Task objective
Write out the data exactly as given, dropping every picture.

Information supplied
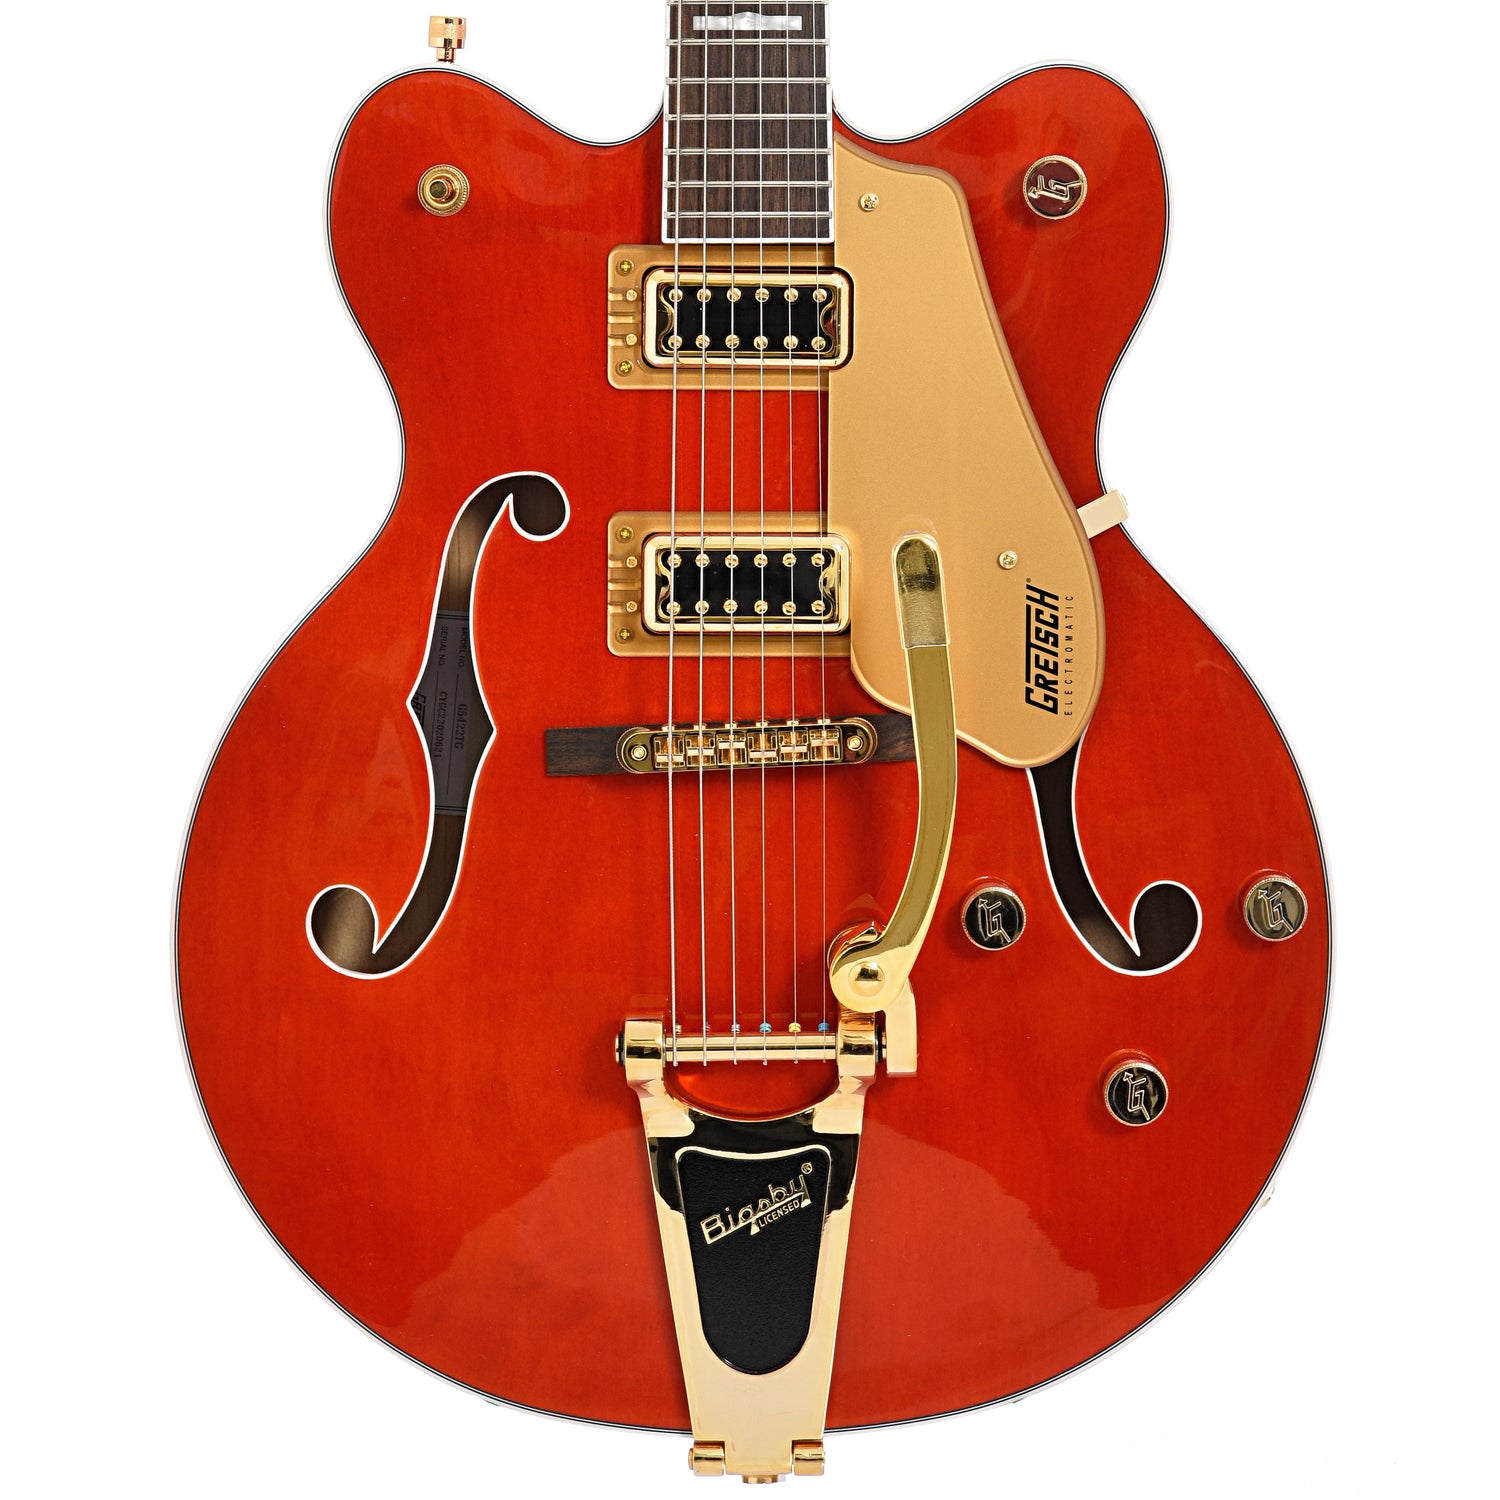 Image 2 of Gretsch G5422TG Electromatic Classic Hollow Body Double Cut with Bigsby, Orange Stain- SKU# G5422TG-ORN : Product Type Hollow Body Electric Guitars : Elderly Instruments
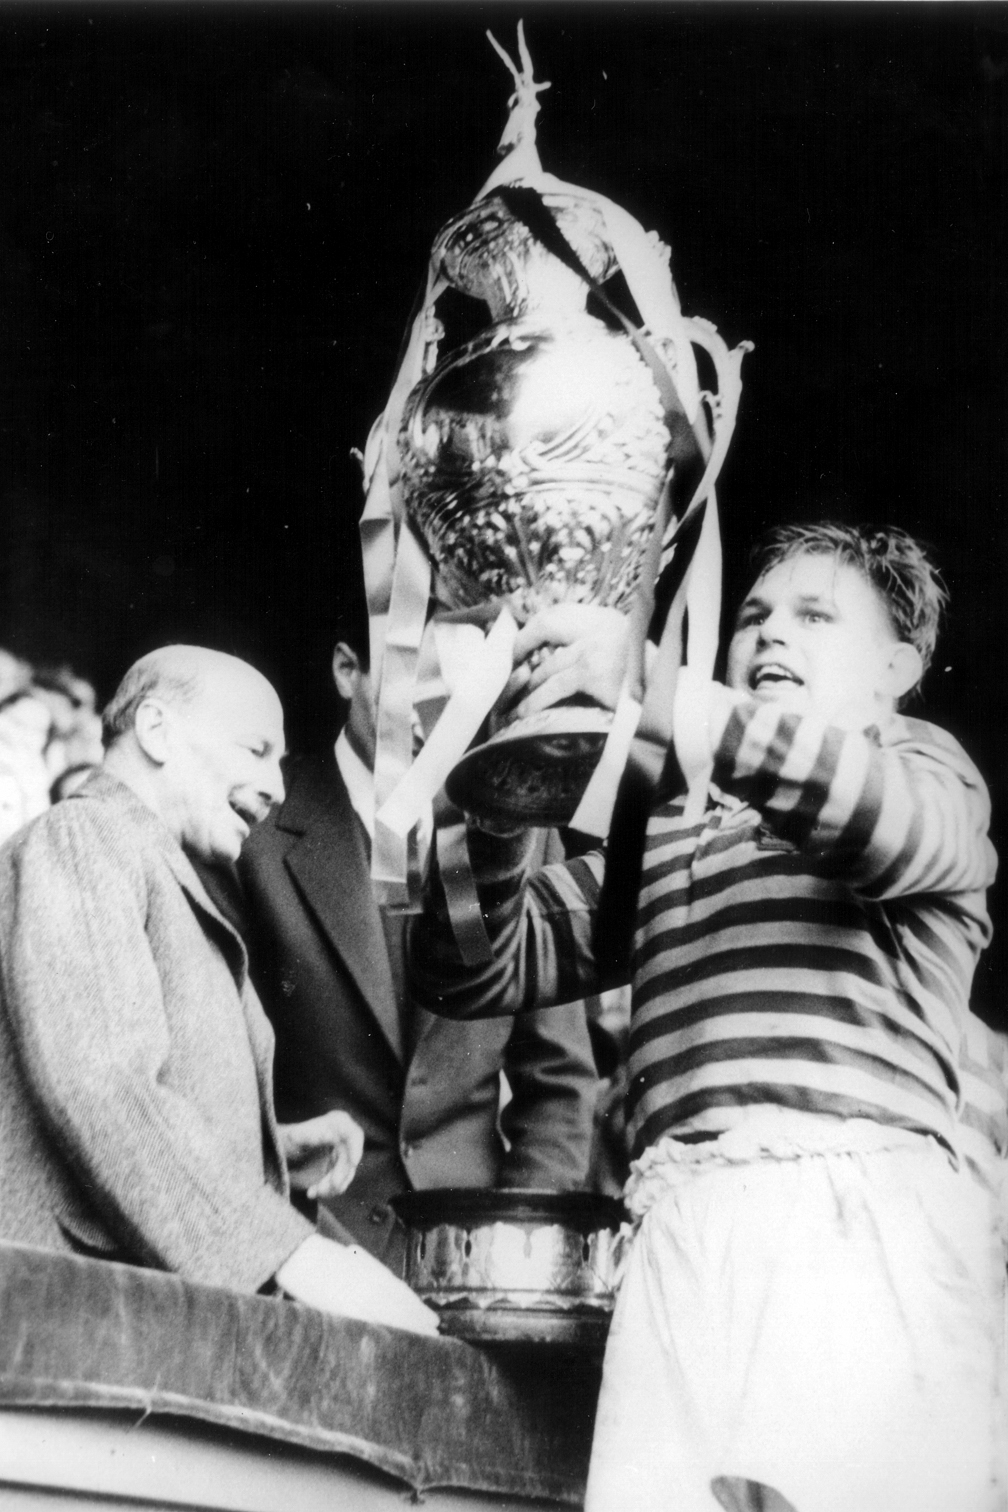 Harry Bath lifts the Challenge Cup in 1950
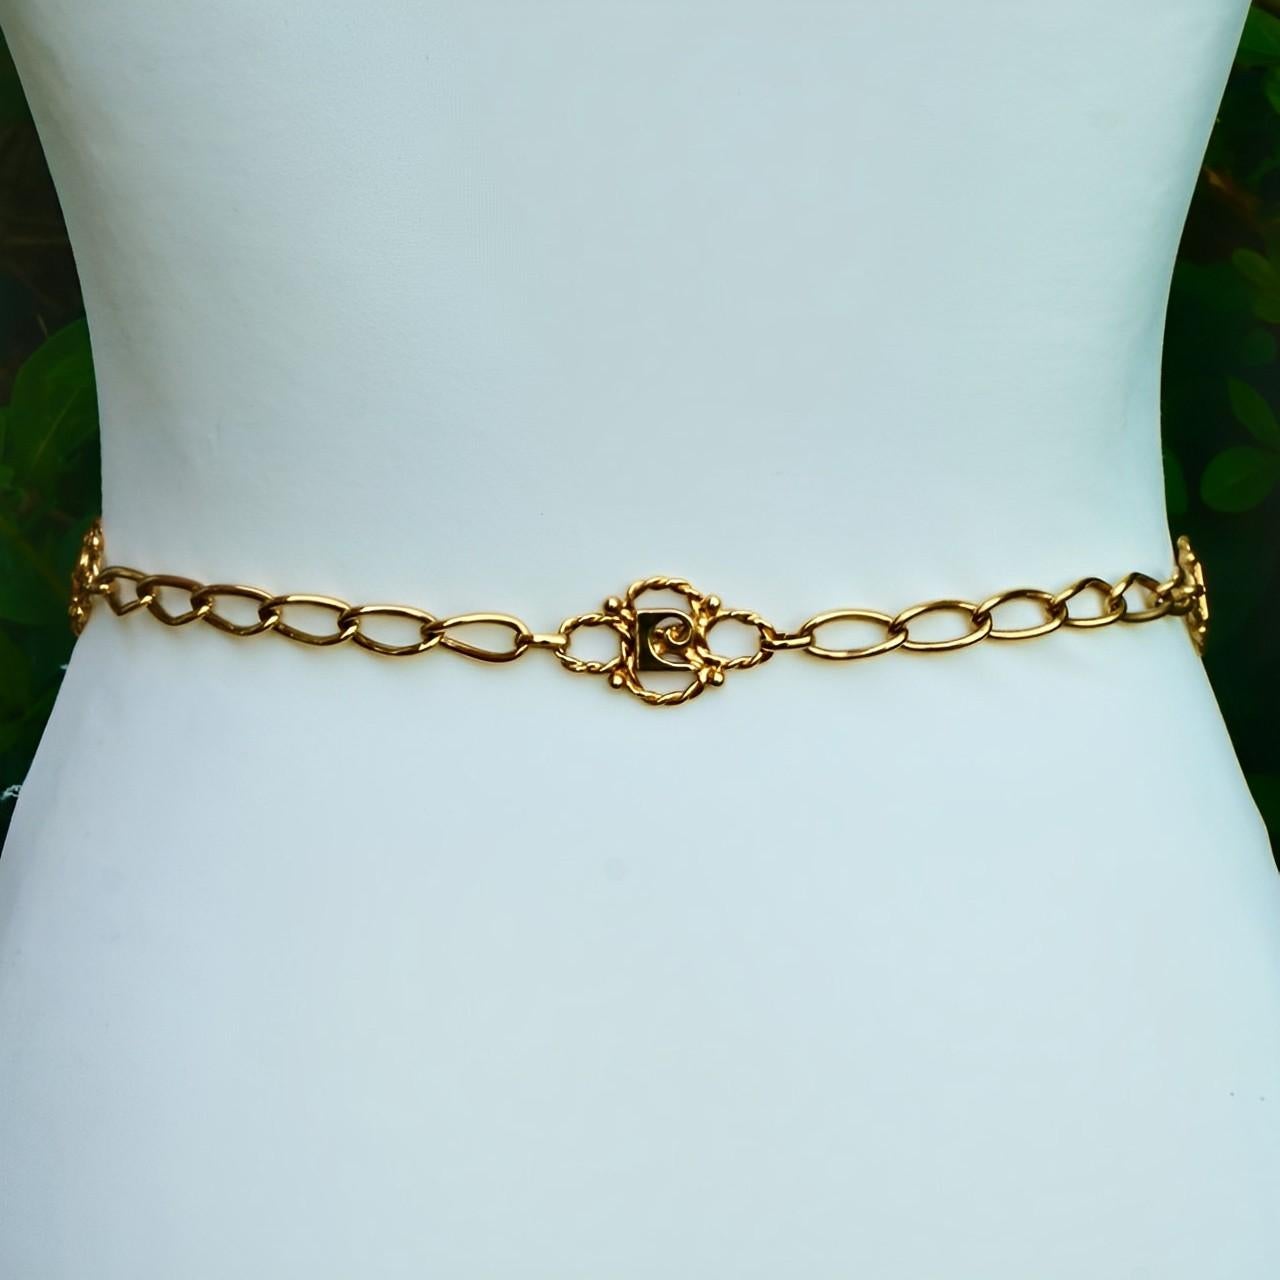 Pierre Cardin Monogram Gold Plated Chain Link Belt circa 1970s For Sale 4

Answer section
 Image 2 of Gretsch G5422TG Electromatic Classic Hollow Body Double Cut with Bigsby, Orange Stain- SKU# G5422TG-ORN : Product Type Hollow Body Electric Guitars : Elderly Instruments
 Harry Bath lifts the Challenge Cup in 1950
 Pierre Cardin Monogram Gold Plated Chain Link Belt circa 1970s For Sale 4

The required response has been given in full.